“Aden has authorized it. You’ll catch a jet back home.”
“Yes, sir.”
Once in New York, he didn’t waste time killing the boy. Instead, he gave a short nod and blended into the bustling metropolis. His PsyNet trail was already secure; the squad couldn’t hunt him on that level.
He was free.
Chapter 55
THE HUMAN FEMALE Blake had kidnapped was unconscious when Vasic led a team to rescue her. “She’ll live,” the teleporter told Zaira and Aden afterward, the three of them standing near one of the new houses in the valley. “A cut across one breast, psychological torture, but no permanent physical damage, though she would’ve died from lack of water within the next day.”
“He wanted Beatrice to kill her.” Zaira’s voice vibrated with withheld fury.
Aden brushed his fingers over hers as they stood side by side. “He’ll pay for what he did.”
Glancing to his left and down before looking back up, Vasic said, “None of the teleporters in the squad can get to him. Blake was well trained in telepathic cloaking.”
It took Aden a second to realize his friend had looked automatically toward where his gauntlet had been on his left forearm before the amputation. You miss the gauntlet, he said telepathically while he considered how to track down the rogue and murderous Arrow. It wasn’t only that Blake was a threat to innocent people—he could do major damage to the squad’s reputation, which would feed back into the Arrows’ ability to live their lives.
Winter gray eyes met his. I became used to having easy, immediate access to various systems. He took out a small organizer. I’ll adapt. A pause before he said, “I have the details of Blake’s office in the valley and his quarters at Central Command. I’ll check out Command first, since he spent more time there.” He teleported out.
Able to sense Zaira’s frustration, Aden closed his hand around her own. “We’ll find him. He’s well trained, but he’s being hunted by the entire squad.” It was rare for Arrows to hunt their own, but when they did, the pursuit was relentless. “He won’t have time to catch a breath, much less do damage.”
Fingers curling around his own, Zaira gritted her teeth. “I want to be part of the team hunting him. Right now, Persephone is out of my reach but I can do something productive about Blake.”
“The operation is already under Amin’s command, and you have visitors in Venice to keep an eye on.” BlackSea had a dangerous advantage in the watery city.
“I just feel like we’re losing the battle against evil.” She leaned her body against his on those words, and at that instant, Aden realized they had any number of eyes on them. Arrows and children.
Weaving his fingers through her own, he looked down into her face. “You saved two lives today. Evil didn’t win there.” And it won’t win in our fight to be together.
The fire flickered in her gaze. Raising her hand, she laid her fingers against his jaw.
A public claim. A declaration of intent.
• • •
PAX Marshall was arrogant but he wasn’t stupid. His vehicle was an armor-plated tank. Safe in most circumstances. Except against a man who had the growing ability to control metal and machines.
Waiting until Pax was on a quiet road outside of the Marshall estate in Vermont, Dev pulled over behind him, focused on the other vehicle’s engine . . . and Pax’s car stopped moving.
He could see the Psy male attempting to reboot the onboard computer as Dev got out, walked to his car, and knocked on his window.

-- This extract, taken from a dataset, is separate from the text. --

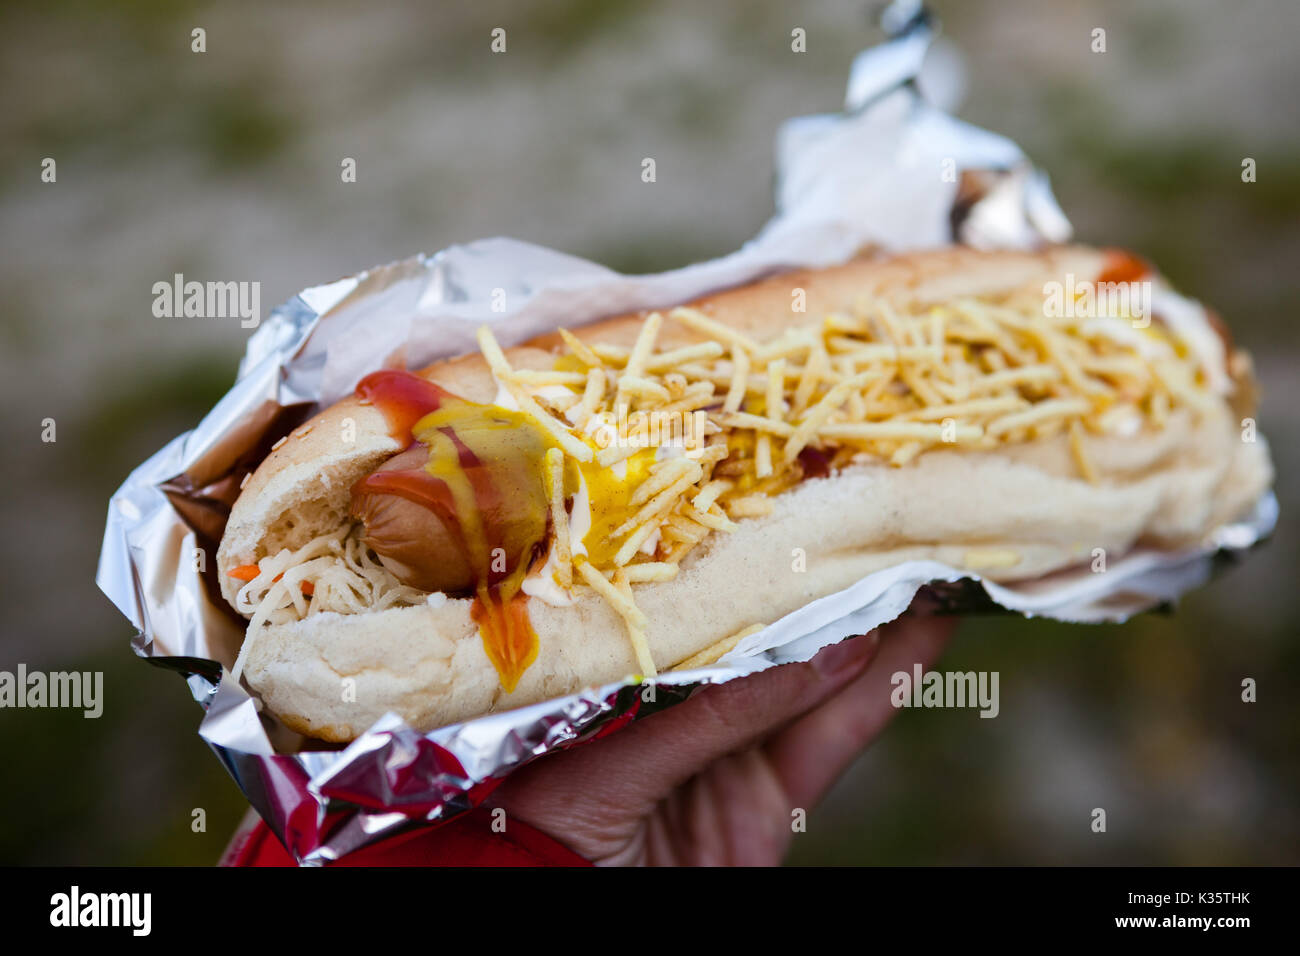 Hot dog with chips Stock Photo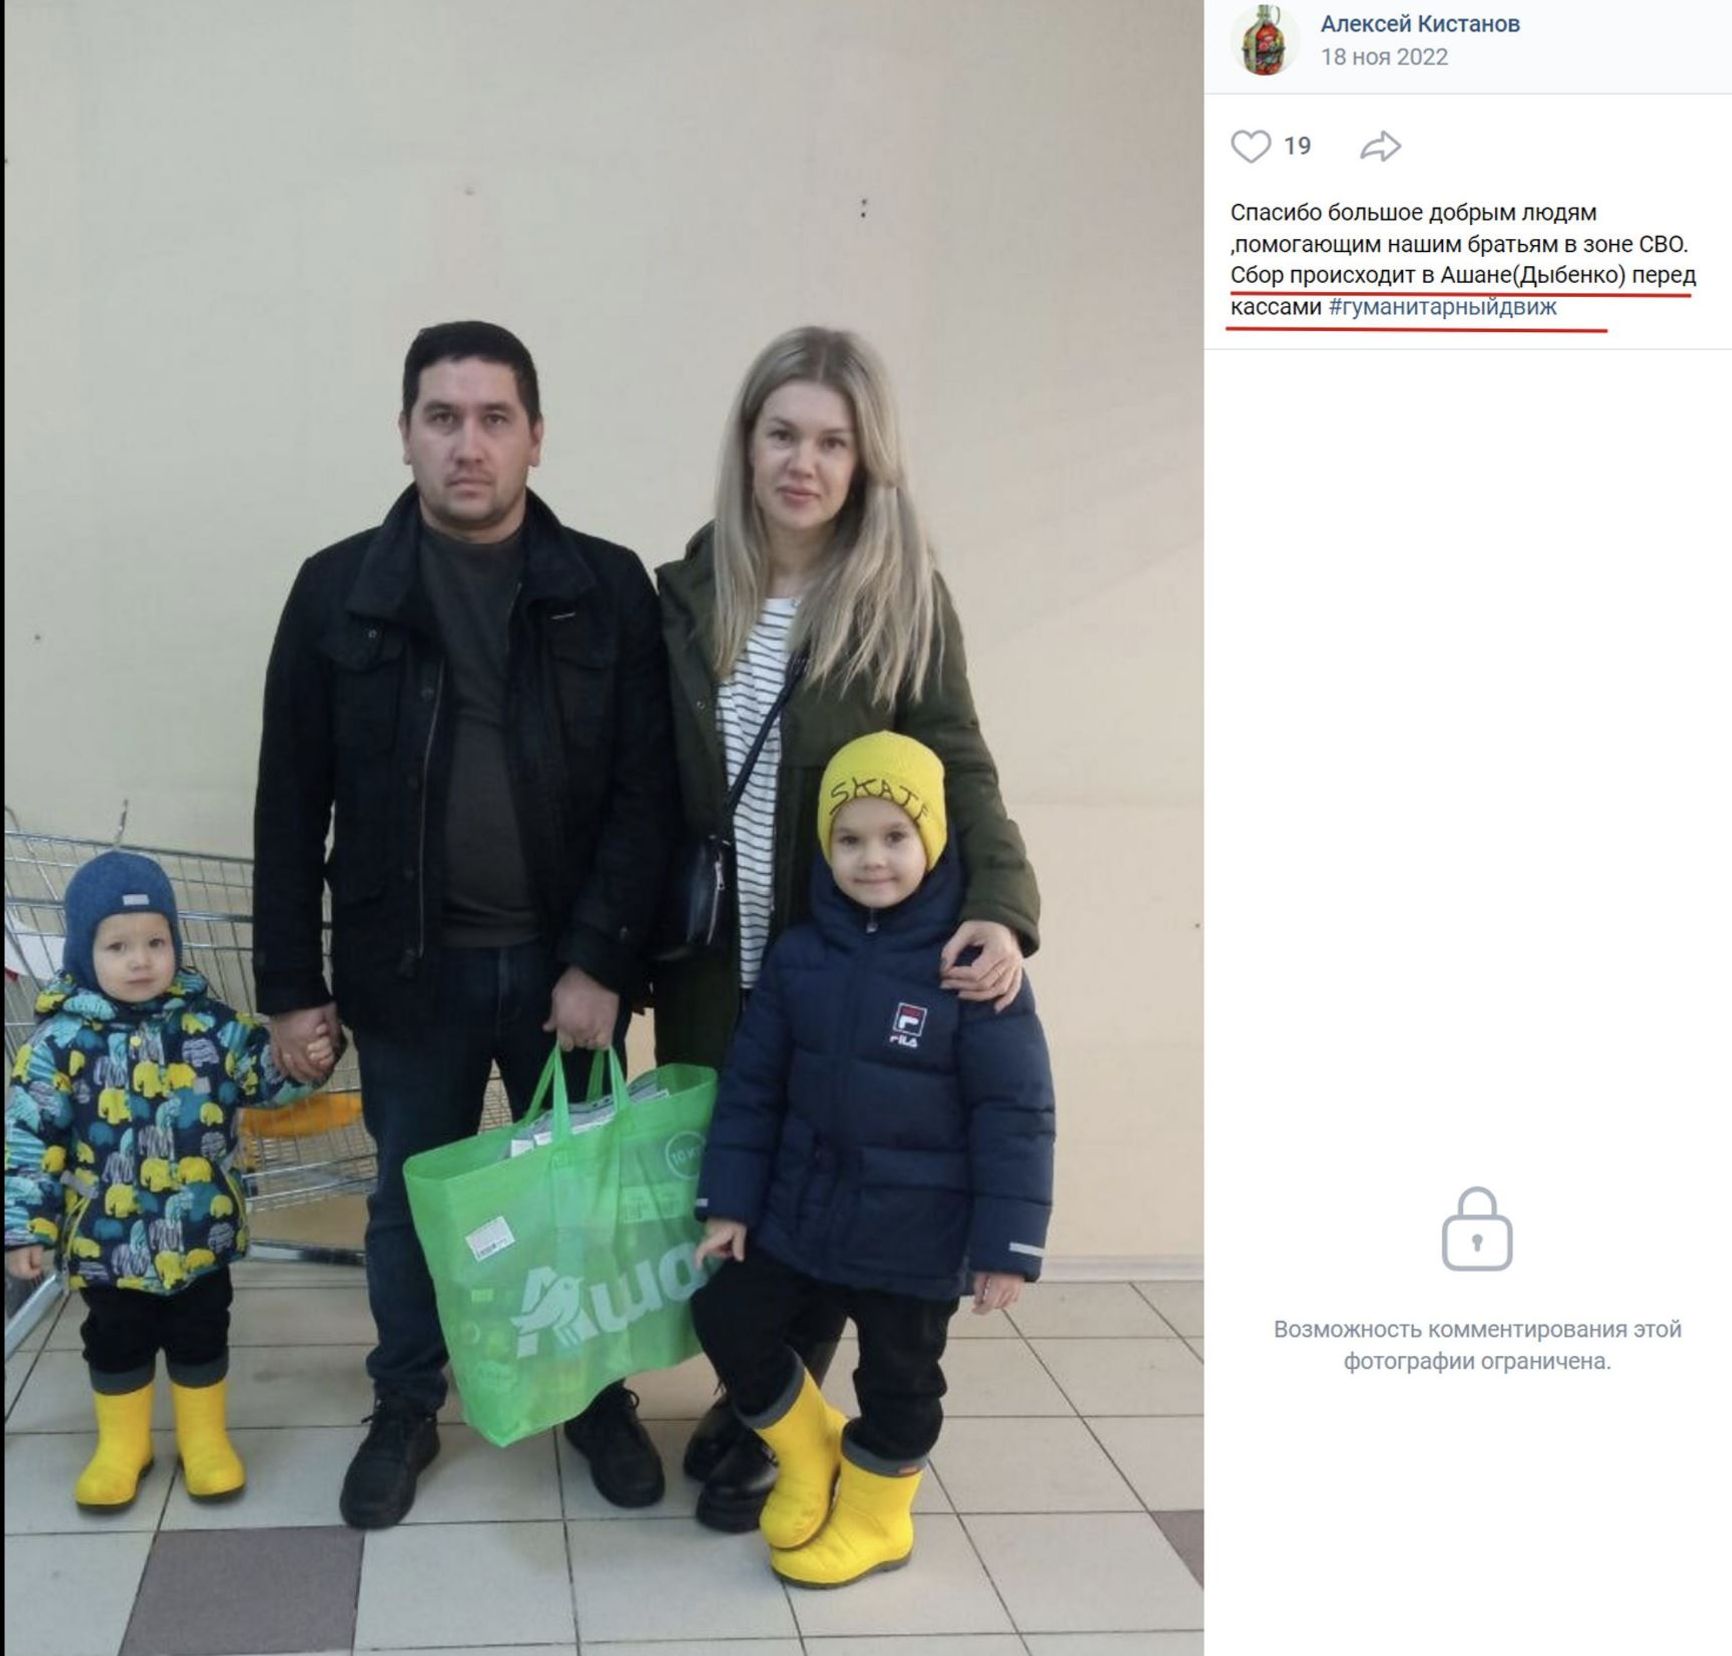 Photo caption: “A big thank you to the good people who help our brothers in the SMO. Collection point is in front of the cash registers in the Dybenko Auchan store”

Pax looked at him with cool blue eyes, a weapon no doubt in his hand, but he opened the door and got out. “Is this how you usually arrange a meeting?” he asked as he buttoned his dark blue suit jacket, his hands as elegant as his features and the cut of his blond hair.
“A necessity.” Dev kept his hands in the open as Pax had done.
Pax’s upper-class English accent was clipped as he said, “The necessity being?”
Dev told him, watching his face for any indication of guilt or otherwise, but Pax Marshall had the expressionless face down to an art. “I see,” the other man said. “You realize I’m not lacking in intelligence. Why would I send in a black ops team emblazoned with our well-known emblem?”
“Precisely because you’re smart—smart enough to run a double bluff.” Dev had done his research, knew that the reason Pax was CEO of the Marshall Group despite his youth was that he had a way of doing the unexpected, leaving his competitors stunned and off balance.
“Then it appears we are at an impasse.”
“Guess so.” He couldn’t get a read on Pax, but he knew one thing. “If it wasn’t you, I suggest you track down the perpetrators, or the next time, your plane might be the vehicle that stops moving.” Dev couldn’t actually affect objects that distant or large yet, but Pax had no need to know that.
“Do you have the DNA profiles of the ones who left behind blood?”
Dev handed them over.
Two hours after he and Pax parted ways, word came that all the men on that list, plus two others, had been found shot point-blank in the back of the head. Pax sent him a short message not long afterward: They were not ours and they knew nothing beyond the strict parameters of their mission, which was to abduct the children and leave behind a witness. Contractors should really take care when choosing clients. Your children are safe.
Dev took everything the other man said with a grain of salt. The double-bluff possibility still applied; from everything Dev knew, Pax Marshall was ruthless enough to kill his own people to make a point.